• **Material provided**
/---

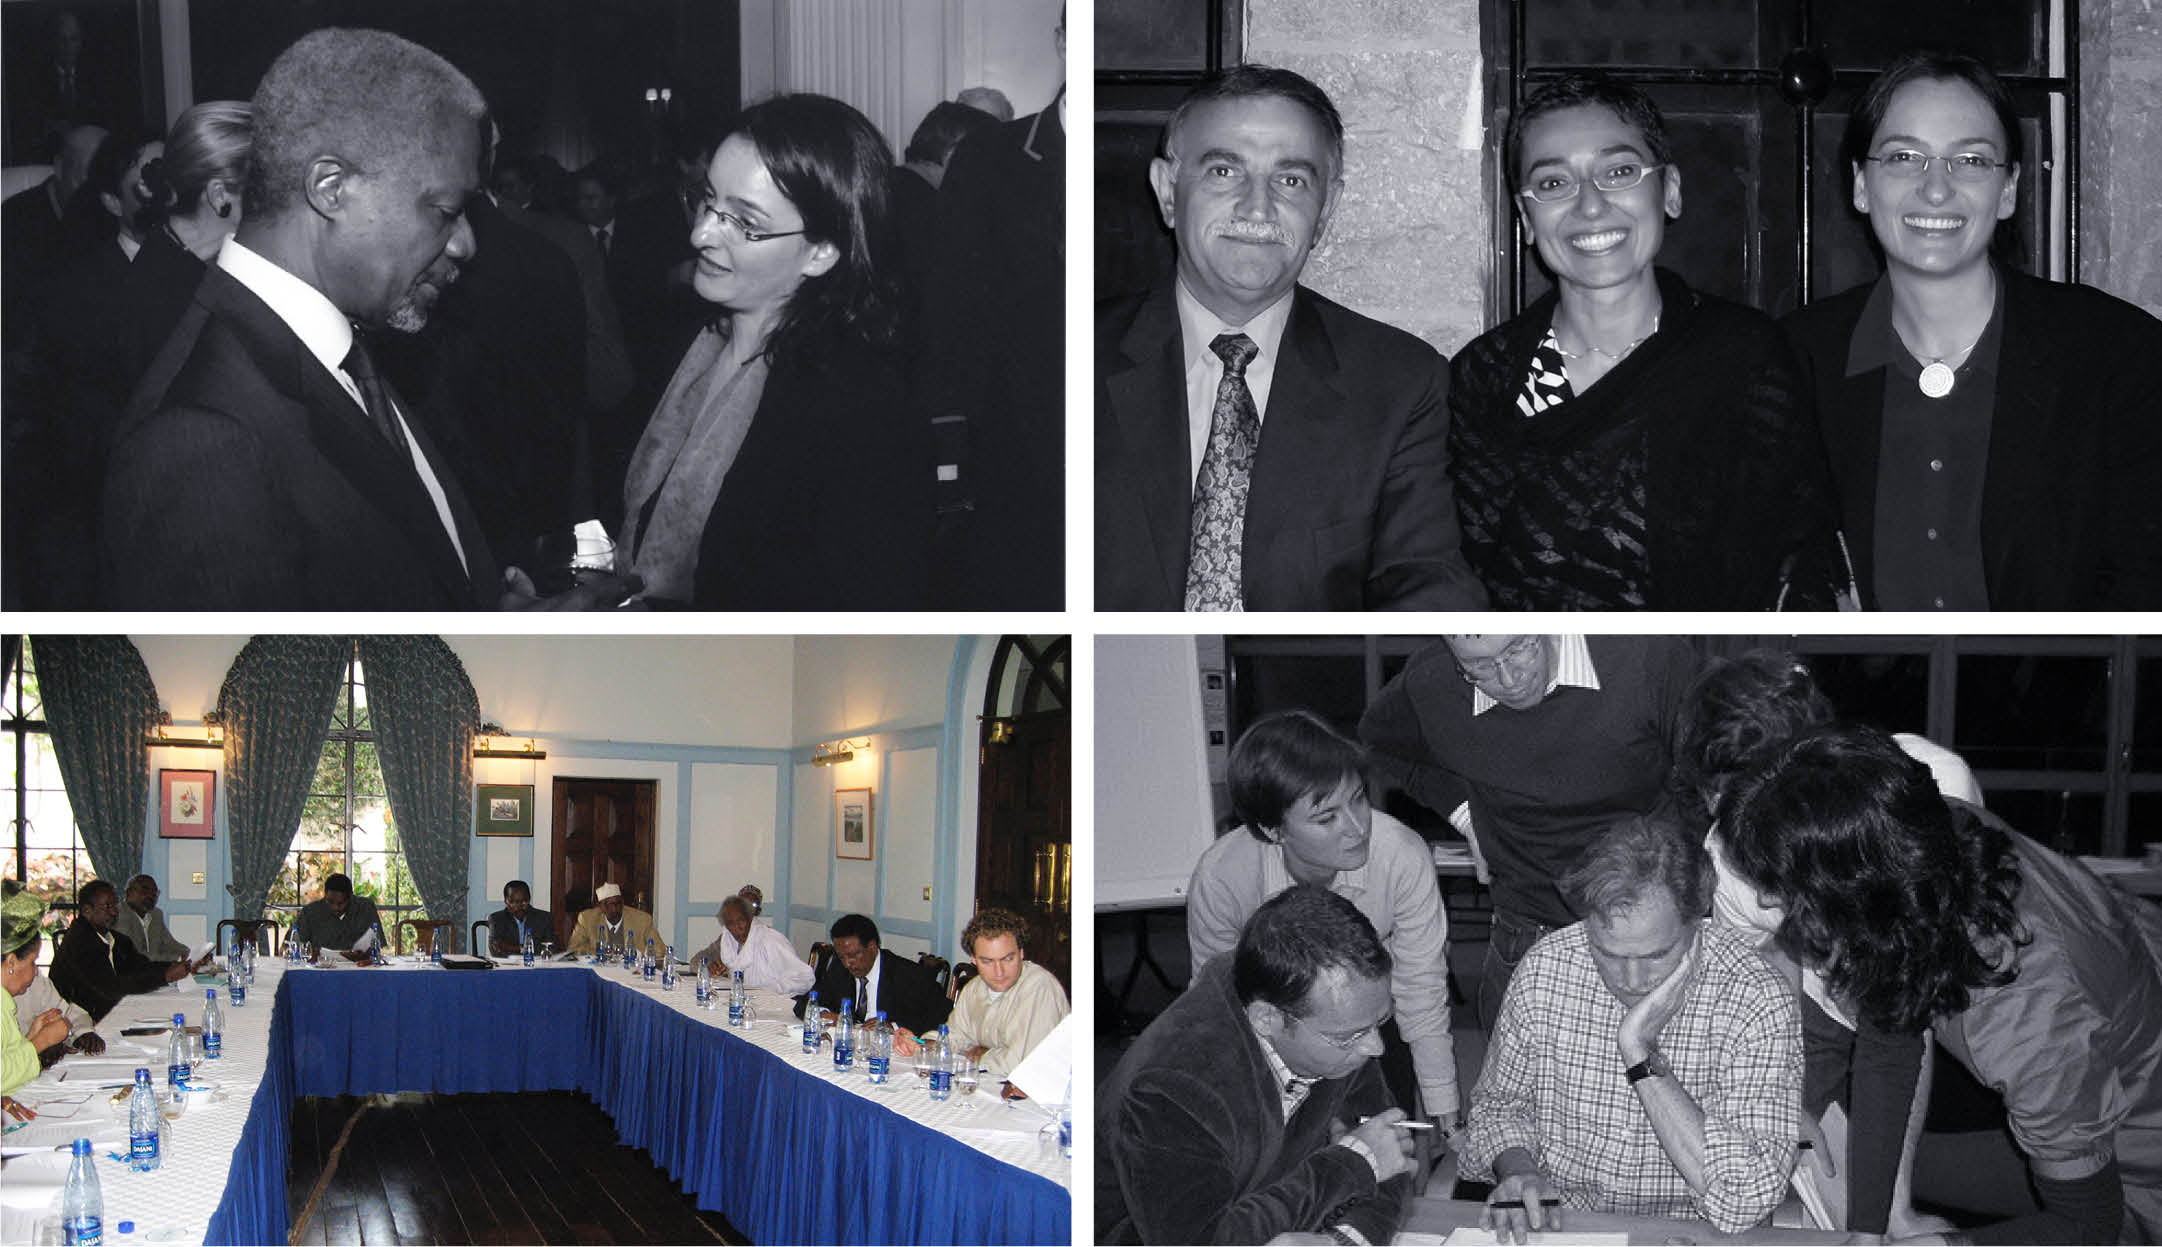 Somali Constitutional Commission, Nairobi, 2005
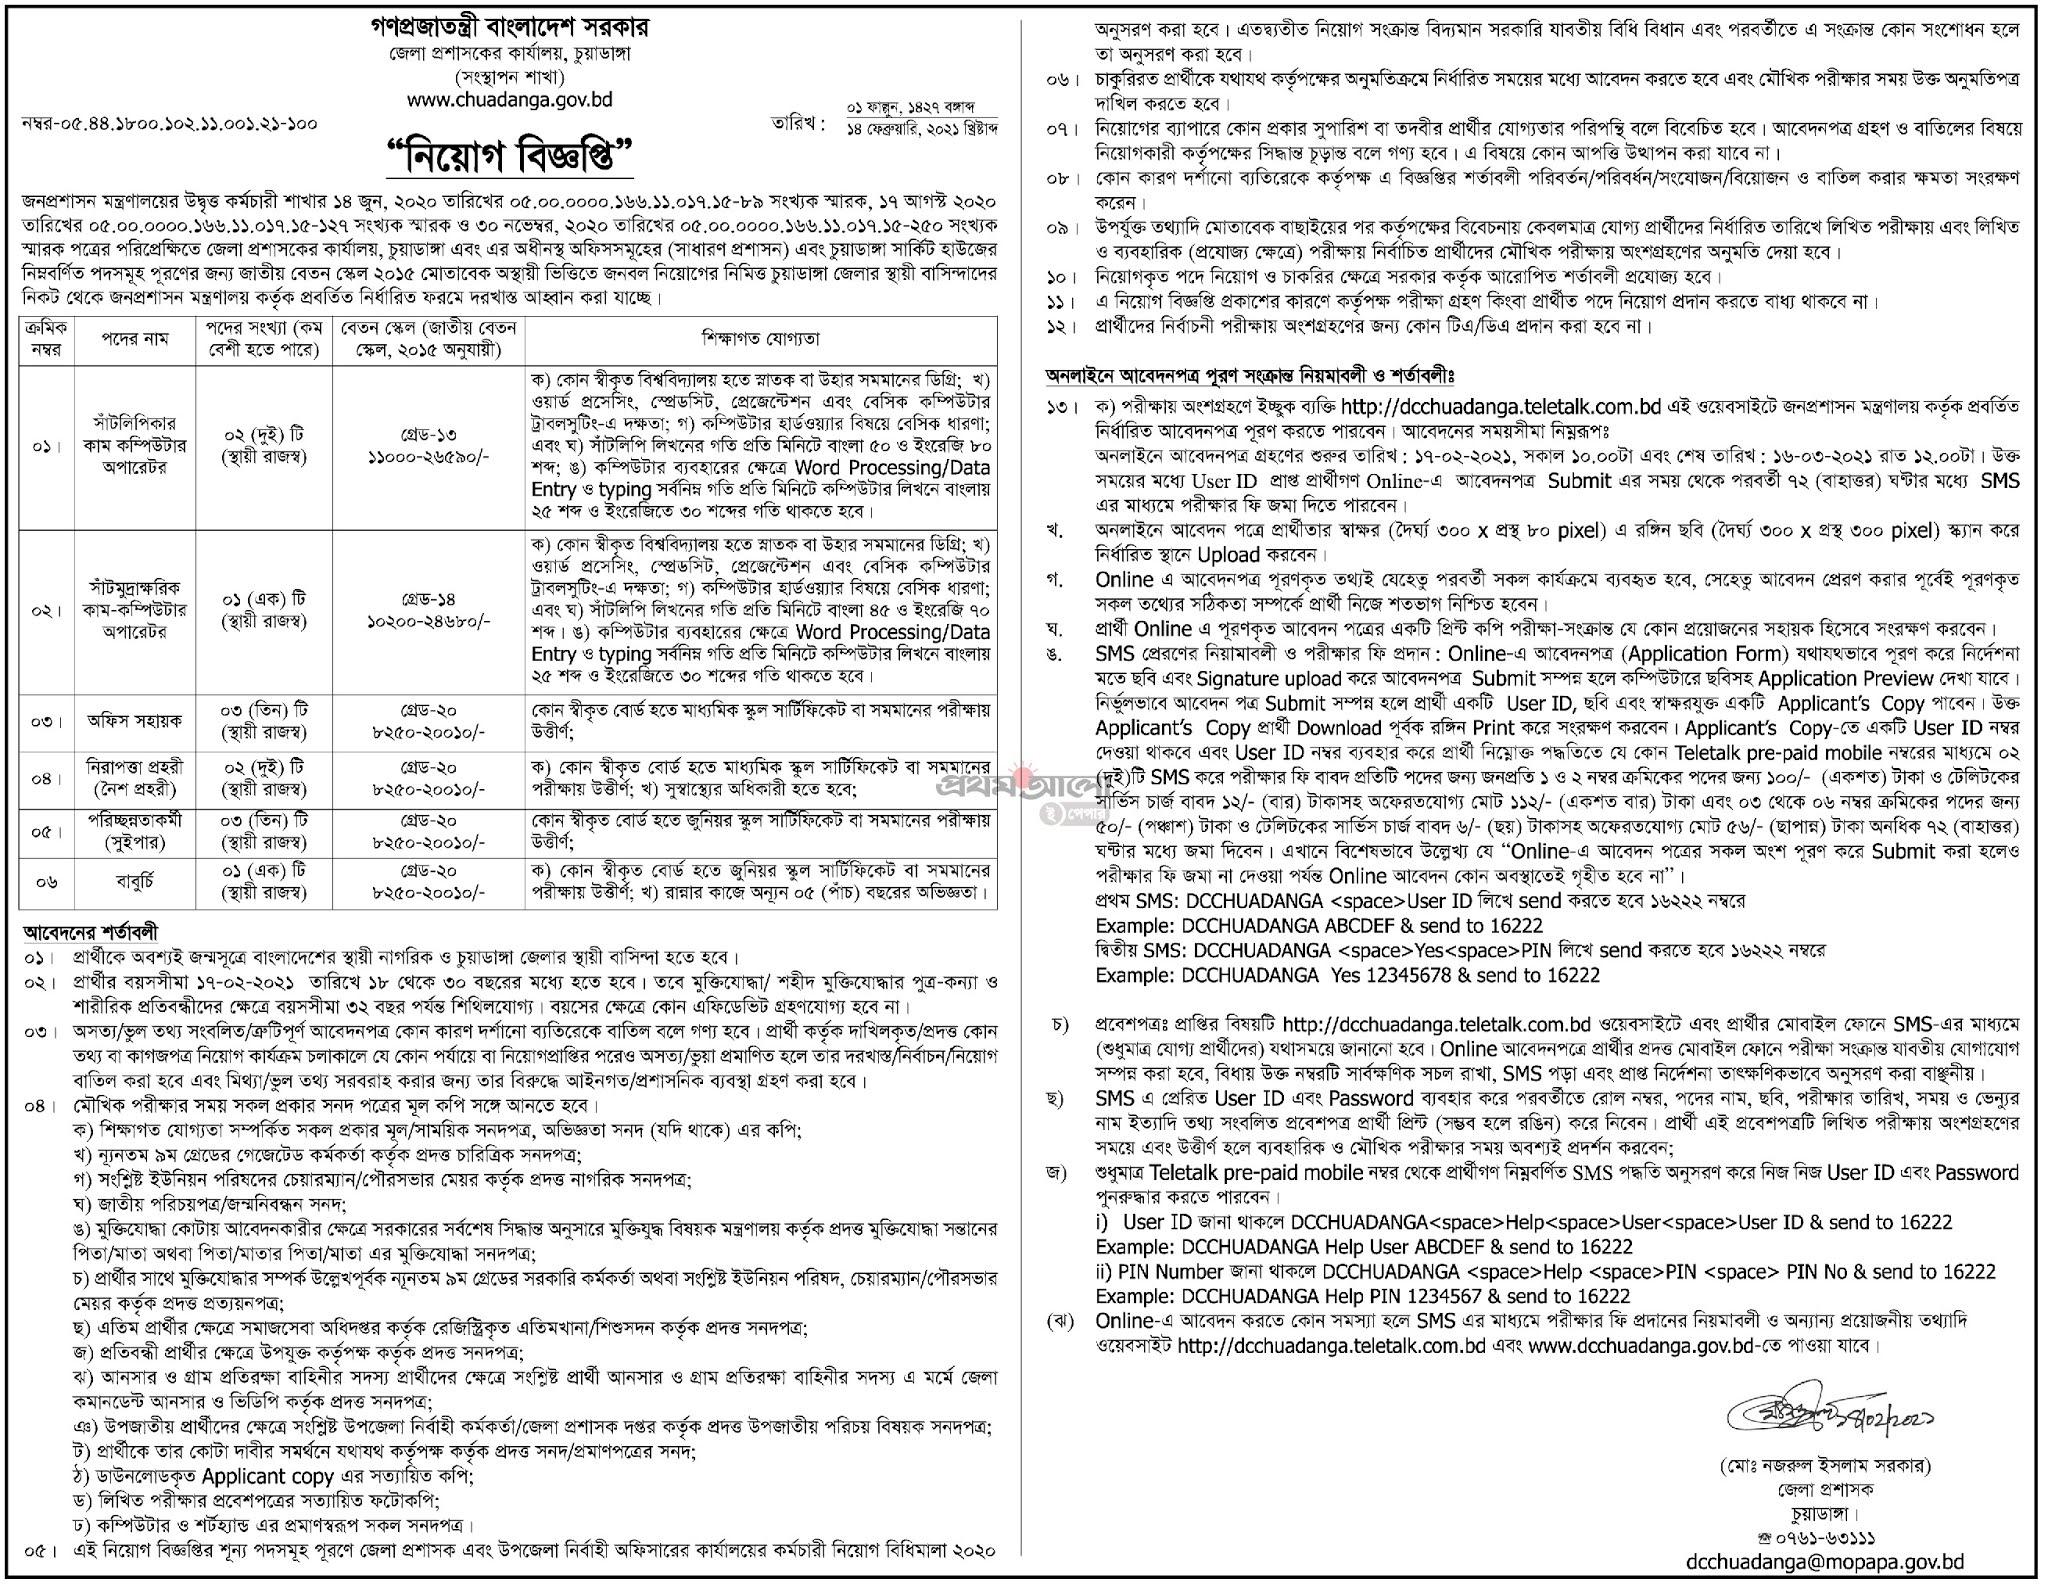 চুয়াডাঙ্গা জেলা প্রশাসকের কার্যালয়ে নিয়োগ বিজ্ঞপ্তি  ২০২১
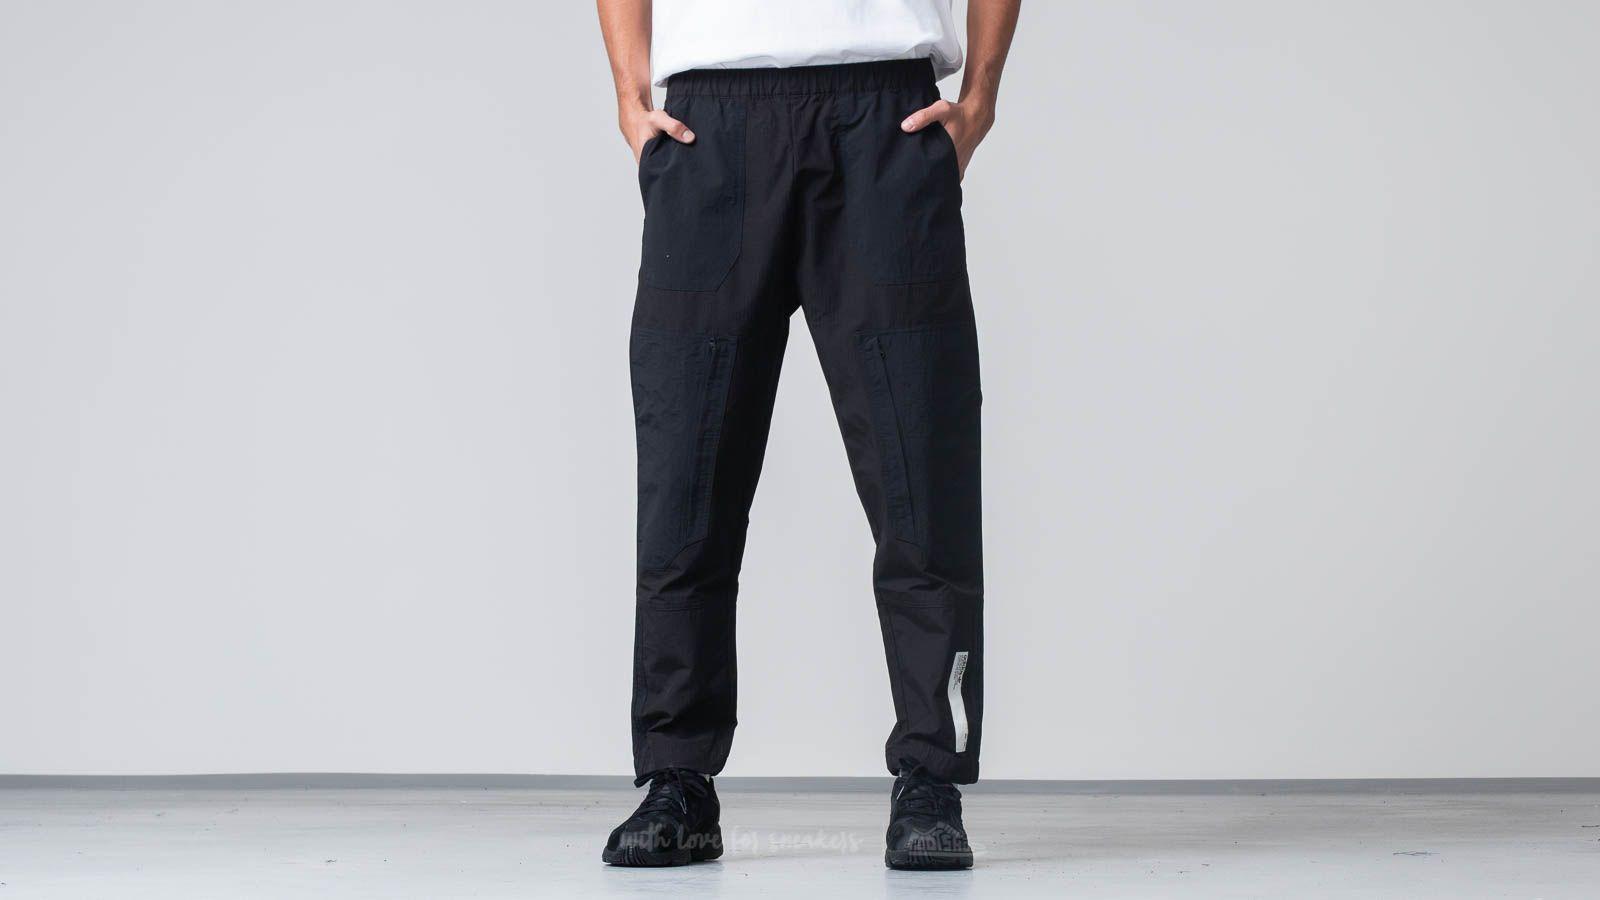 adidas NMD Trackpants Black za skvělou cenu 1 470 Kč koupíte na Footshop.cz

\---

• **Brief**
What you return must match the data above exactly, with no images included.

• **Exercise answer**
 Somali Constitutional Commission, Nairobi, 2005
 চুয়াডাঙ্গা জেলা প্রশাসকের কার্যালয়ে নিয়োগ বিজ্ঞপ্তি  ২০২১
 adidas NMD Trackpants Black za skvělou cenu 1 470 Kč koupíte na Footshop.cz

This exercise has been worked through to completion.